= Action item =
Would you return the listing exactly as written, apart from its pictures?

= Data provided =
----
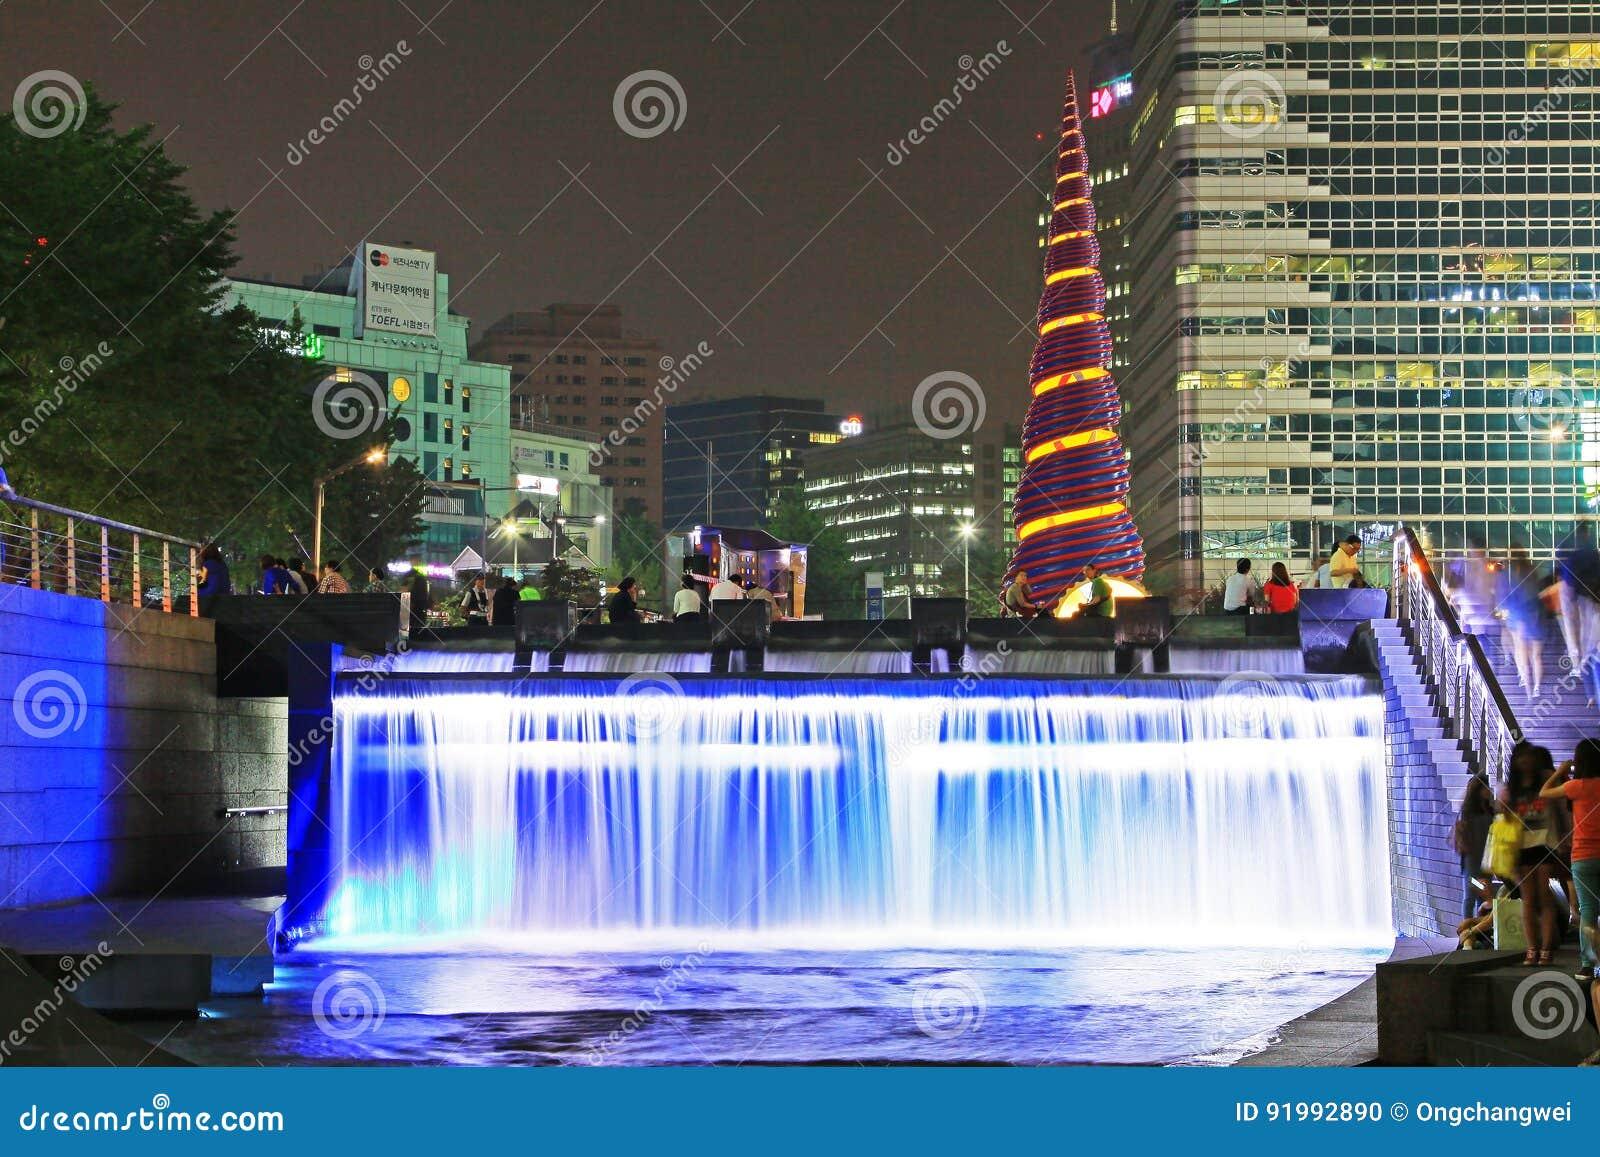 Korea Seoul Cheonggyecheon Stream And City Night Scenes
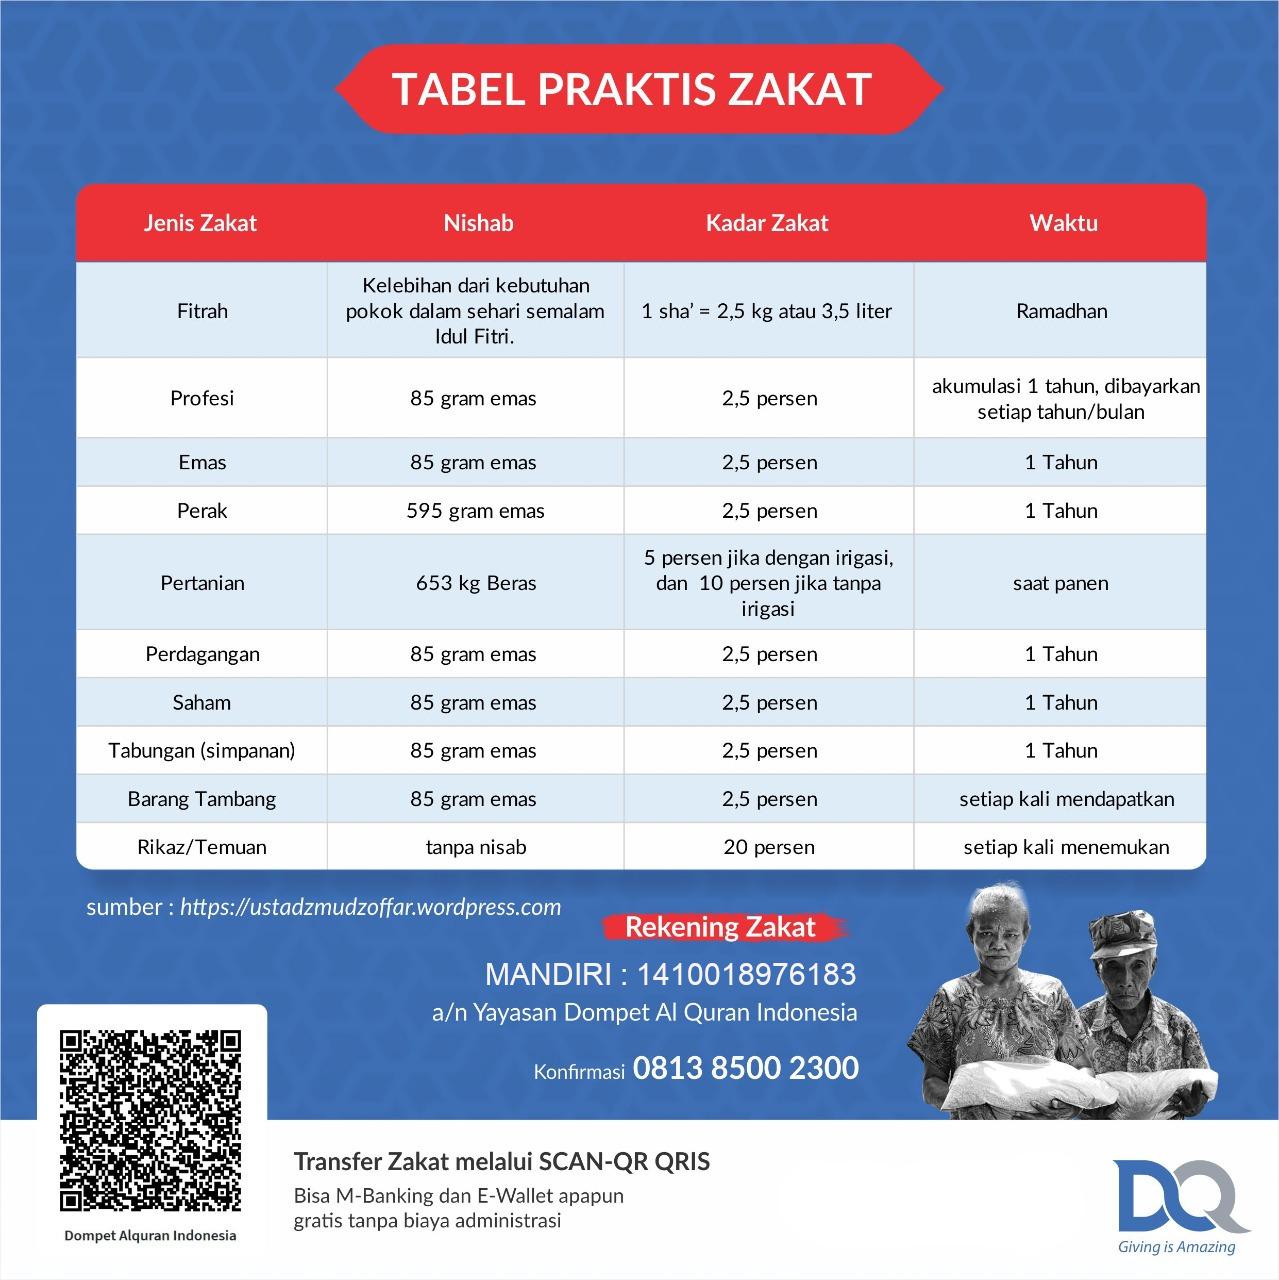 Tabel Zakat DQ-Rek Mandiri
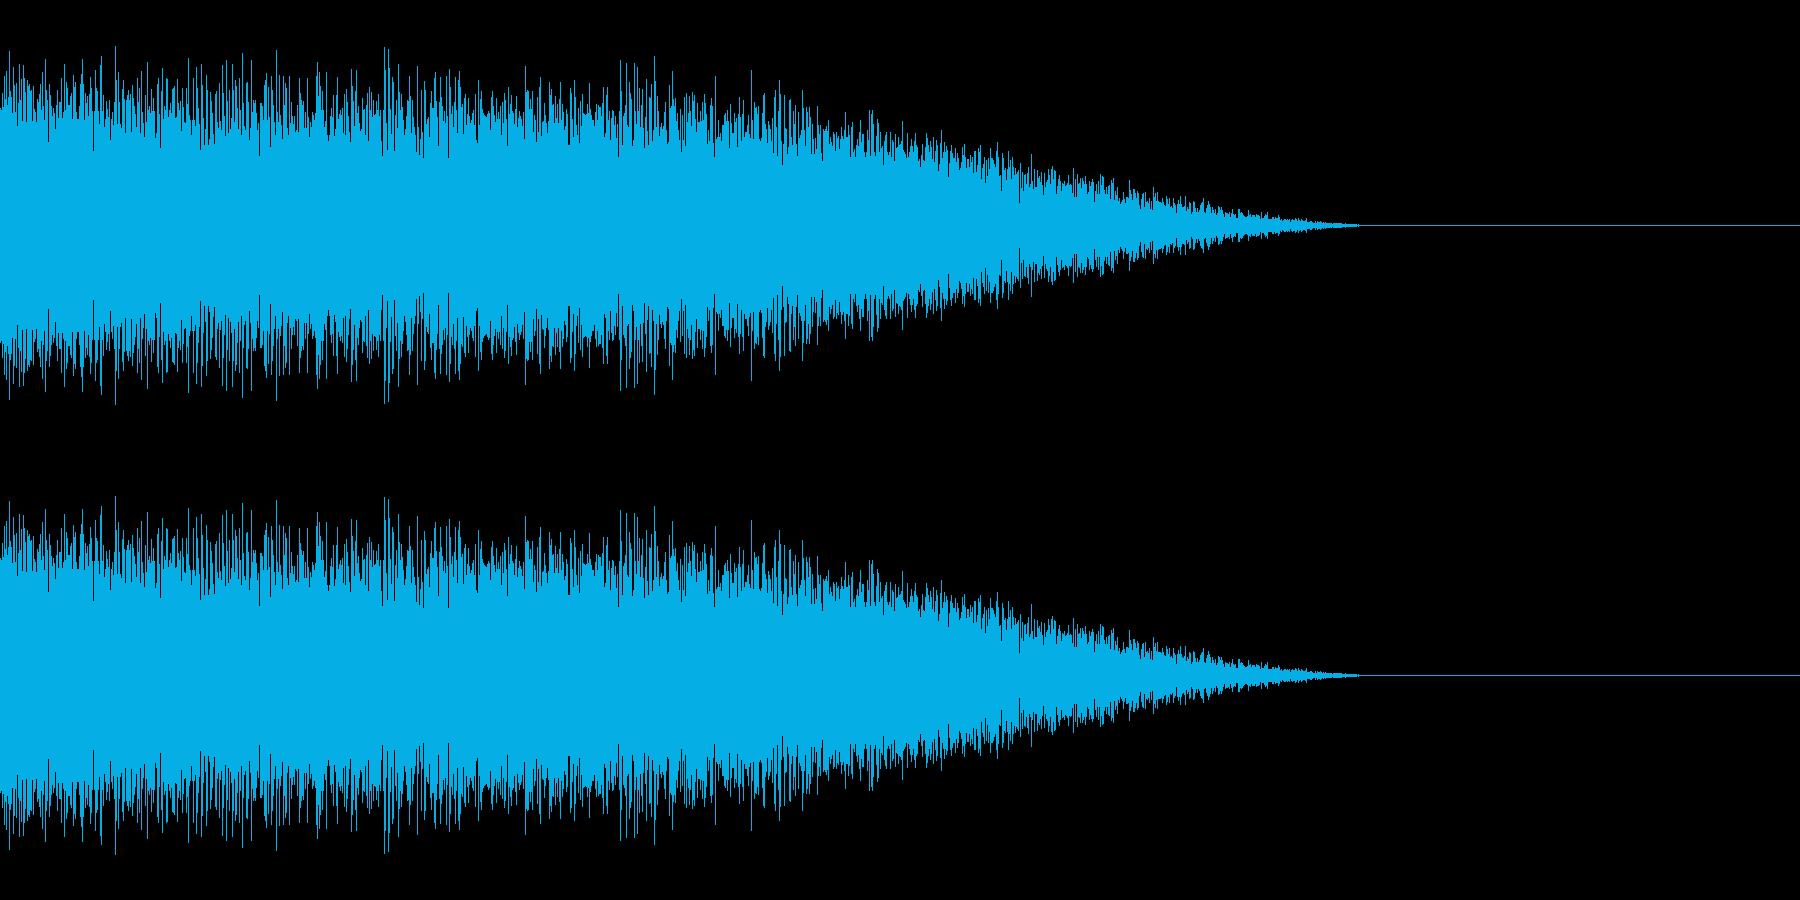 ピシャーン(ショック/雷/衝撃/魔法)の再生済みの波形
----
= Solution for this problem =
 Korea Seoul Cheonggyecheon Stream And City Night Scenes
 Tabel Zakat DQ-Rek Mandiri
 ピシャーン(ショック/雷/衝撃/魔法)の再生済みの波形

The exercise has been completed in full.